发表于: 2011-11-26   作者:Coco_young   来源:转载   浏览:
摘要: Parencodings Time Limit: 1000MS  Memory Limit: 10000K Total Submissions: 13268  Accepted: 7886 Description Let S = s1 s2...s2n be a well-formed string of parentheses. S can be encode
Parencodings
Time Limit: 1000MS  Memory Limit: 10000K
Total Submissions: 13268  Accepted: 7886

Description

Let S = s1 s2...s2n be a well-formed string of parentheses.
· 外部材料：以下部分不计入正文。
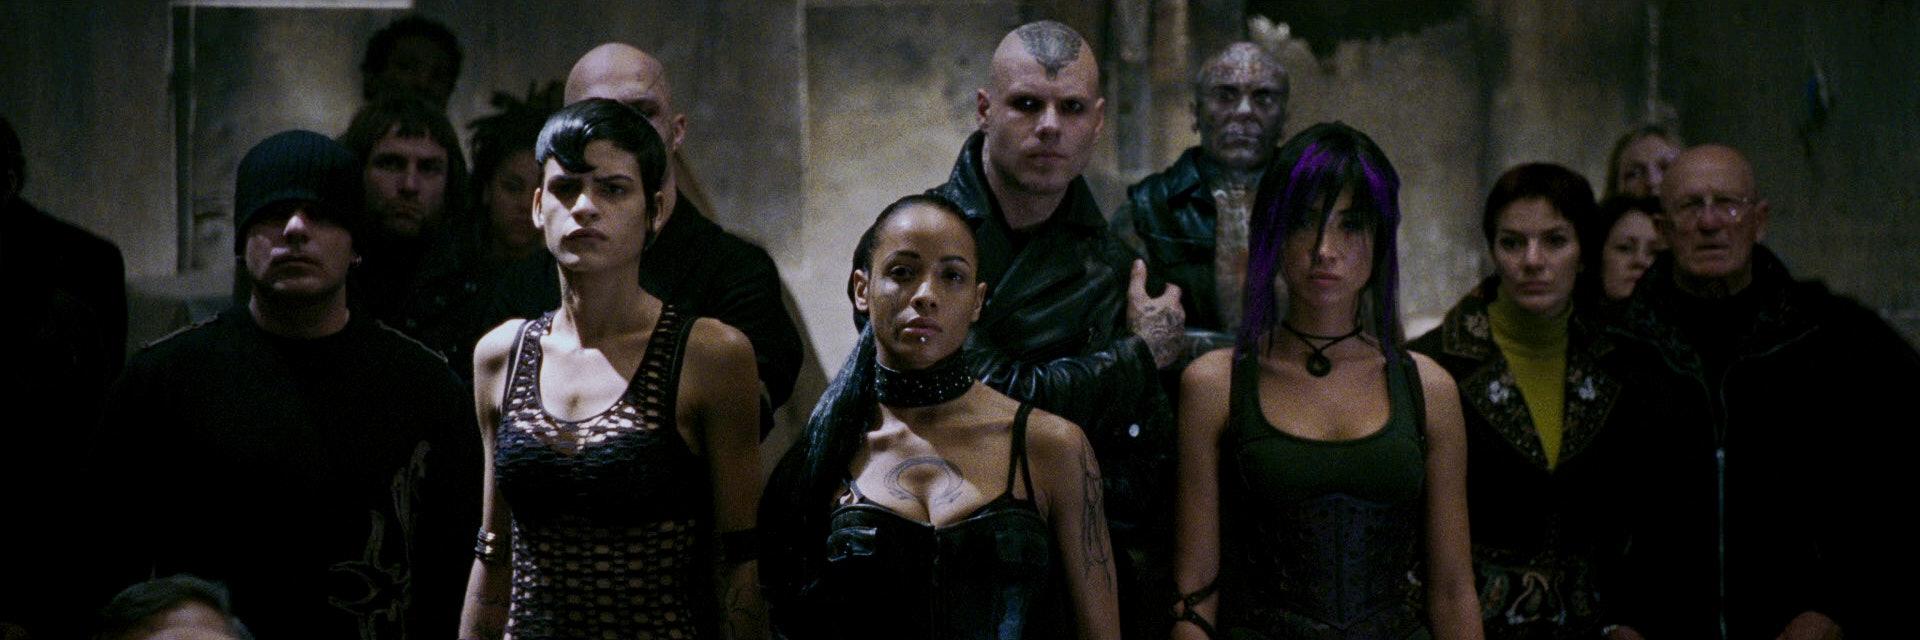 Morlocks X-Men

S can be encoded in two different ways:
q By an integer sequence P = p1 p2...pn where pi is the number of left parentheses before the ith right parenthesis in S (P-sequence).
q By an integer sequence W = w1 w2...wn where for each right parenthesis, say a in S, we associate an integer which is the number of right parentheses counting from the matched left parenthesis of a up to a. (W-sequence).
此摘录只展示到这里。